中間圏までの大気の動きは一般知識としてよく出題されます。1月または7月の中層大気の動き(偏西風、偏東風)について別の単元で学習します。

🟢中間圏界面 mesopause
中間圏を上層に向かうと気温減率が次第に小さくなるところがあります。急激に気温減率が減少する付近が中間圏界面です。中間圏界面よりも上空は熱圏という層になります。中間圏界面の高度は約80km。この数字はよく出題されるので覚えておきましょう。

🟢熱圏 therrmosphere
中間圏界面よりも上空では次第に気温が上昇します。この気層を熱圏といいます。熱圏の範囲は上空約80kmから約700kmくらいまでとなります。空気組成も熱圏では酸素原子の占める割合が多くなります。上空約500km以上になると水素原子が主成分となります。
熱圏では酸素・窒素の分子が紫外線を吸収して温度が高くなります。
熱圏では空気が希薄であるため紫外線で温められる空気量が少ないために、太陽エネルギーの影響を受けやすく、気温の変化は大きいです。
熱圏では例えば高度600km付近では1000℃〜2000℃に達していると言われていますが、空気の分子のエネルギー量から計算したものなので、熱圏を移動する人工衛星がこの熱で溶けてしまうことはありません。空気分子の運動エネルギーは大きいのですが、空気分子そのものが少ないので熱い!ということはありません。オーロラが出現するのもこの熱圏です。また、低軌道衛星や国際宇宙ステーションの飛行高度も熱圏になります。気象予報で使用する極軌道衛星も熱圏を移動します。赤道上空の静止気象衛星(ひまわり)は熱圏上端よりも遥かに高い高度にいます。
また、熱圏には、電離層があります。無線通信の際に利用する層です。
電離層では自由電子やイオンの濃度が高く、D、E、F層などが有名です。

🟢デリンジャー現象
太陽フレアの影響で電離層(D層)内の電子密度が増加し長距離短波通信ができなくなる現象を「デリンジャー現象」といいます。
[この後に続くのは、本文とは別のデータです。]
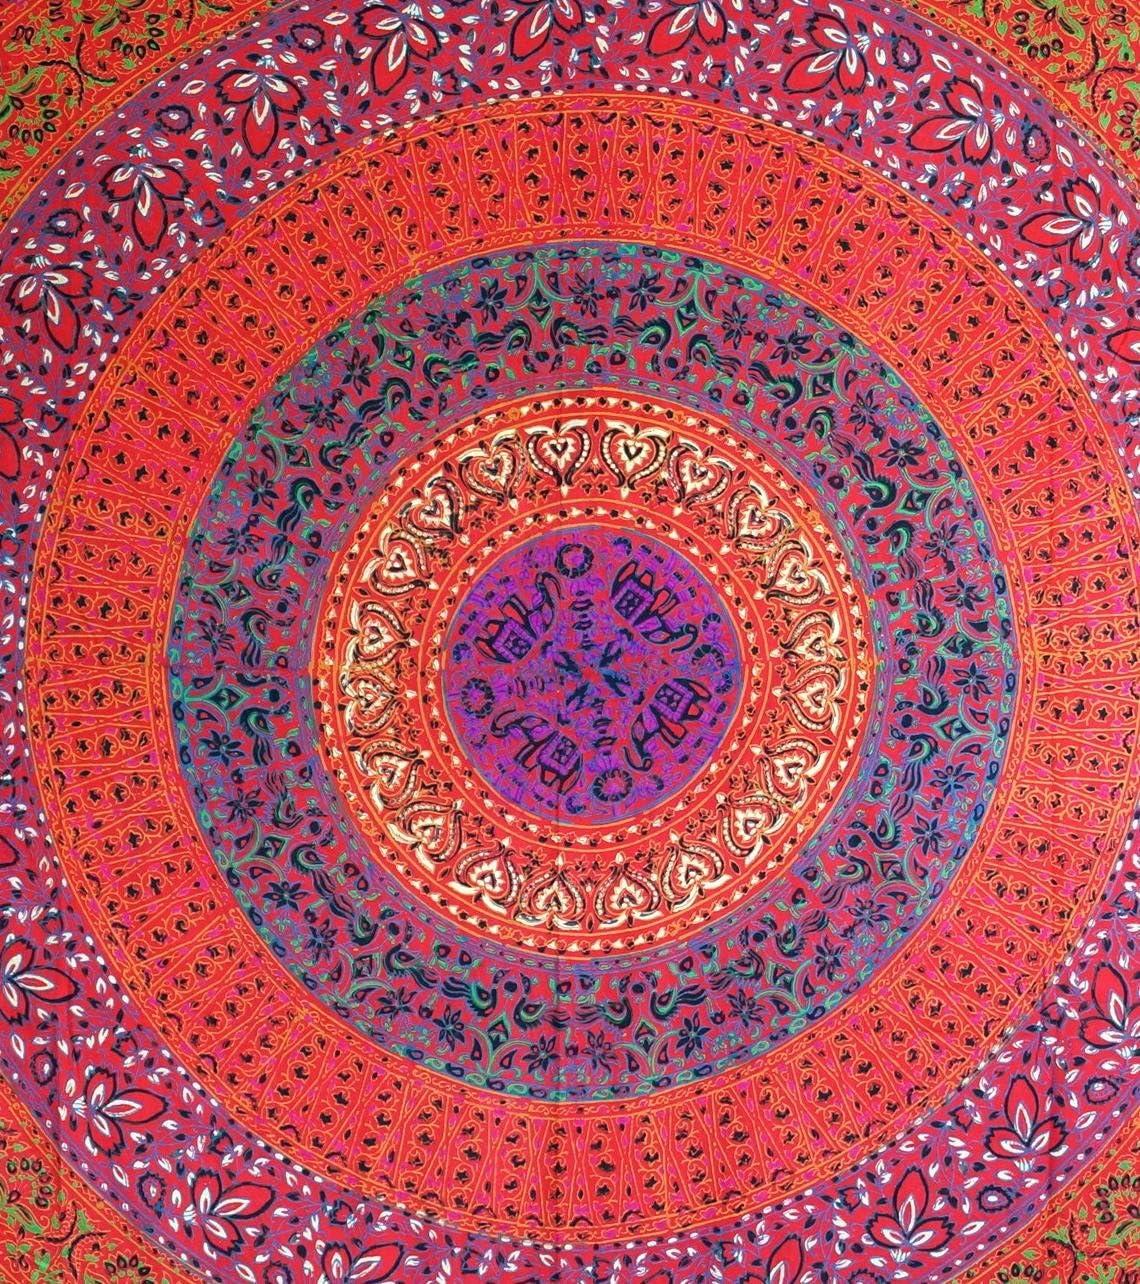 Batik Guru-Shop Indisches Mandala Tuch Mehrfarbig 240x210 cm Baumwolle Sofa /Überwurf Bett/überwurf Batik Wandtuch Tagesdecke Mandala Druck
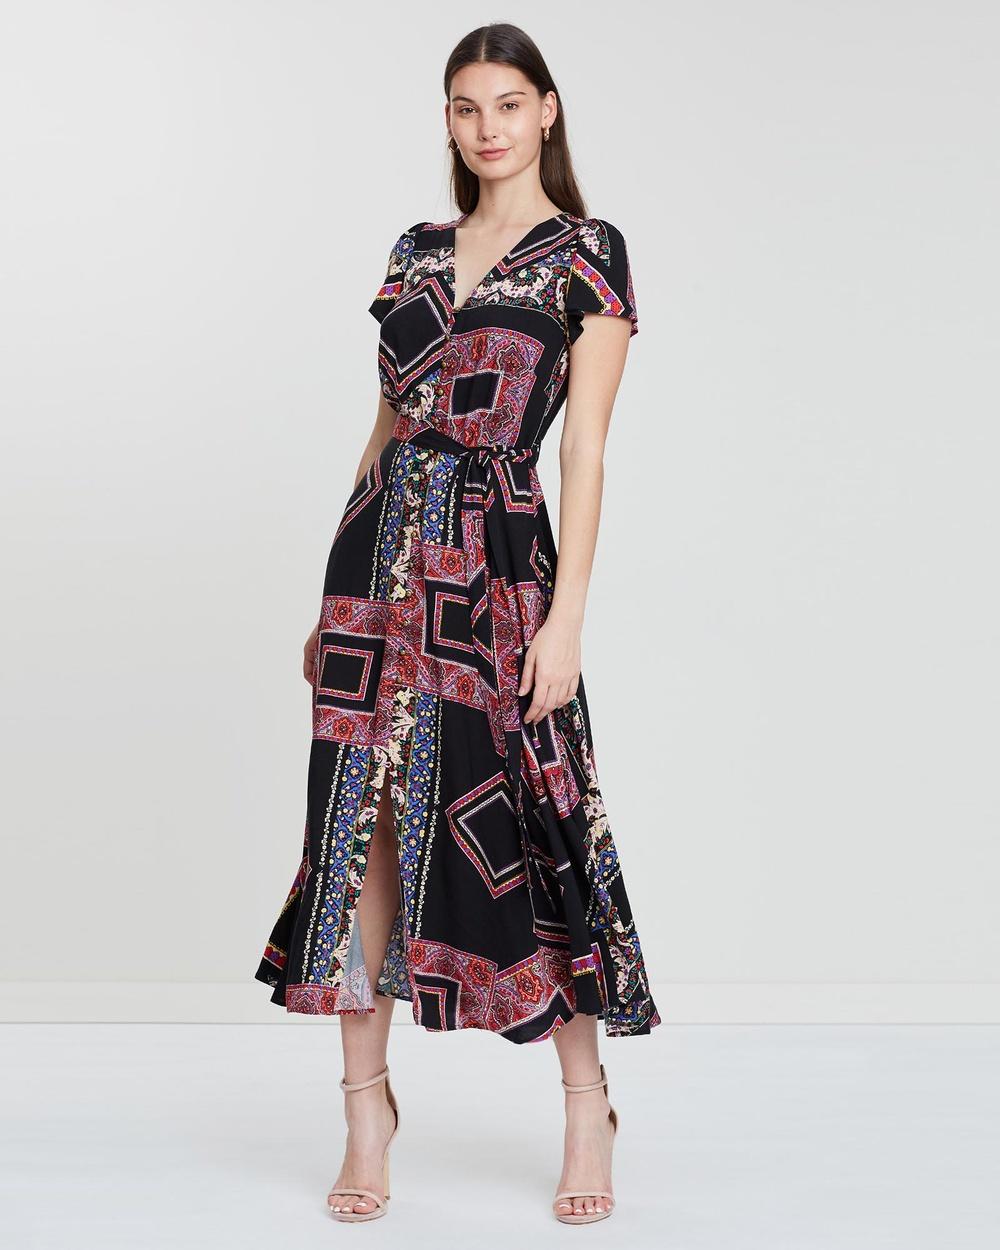 Leona Edmiston Dress-Up-Box Mira

このデリンジャー現象は何度か出題されています。

(コラム)気圧と高度
専門知識や実技試験では、高度を示すのにメートル、キロメートルの代わりに気圧の値を使用することがあります。
高度約5.5km(約500hPa面)では気圧は約半分となります。(地上波1013hPaですから半分ですね)。
成層圏界面(高度約50km)の気圧は上述の通り1hPaです。地上の気圧の1000分の1になるということです。

気象庁ウェブサイトから引用

気象庁ウェブサイトによると、高度15kmごとに気圧は10分の1になると解説されています。大気のほぼ90%は15km以下に存在します。(👈類題が過去出題されています)

過去問はまた別の機会に。
最後までお読みいただき、ありがとうございました。

この記事が気に入ったらサポートをしてみませんか?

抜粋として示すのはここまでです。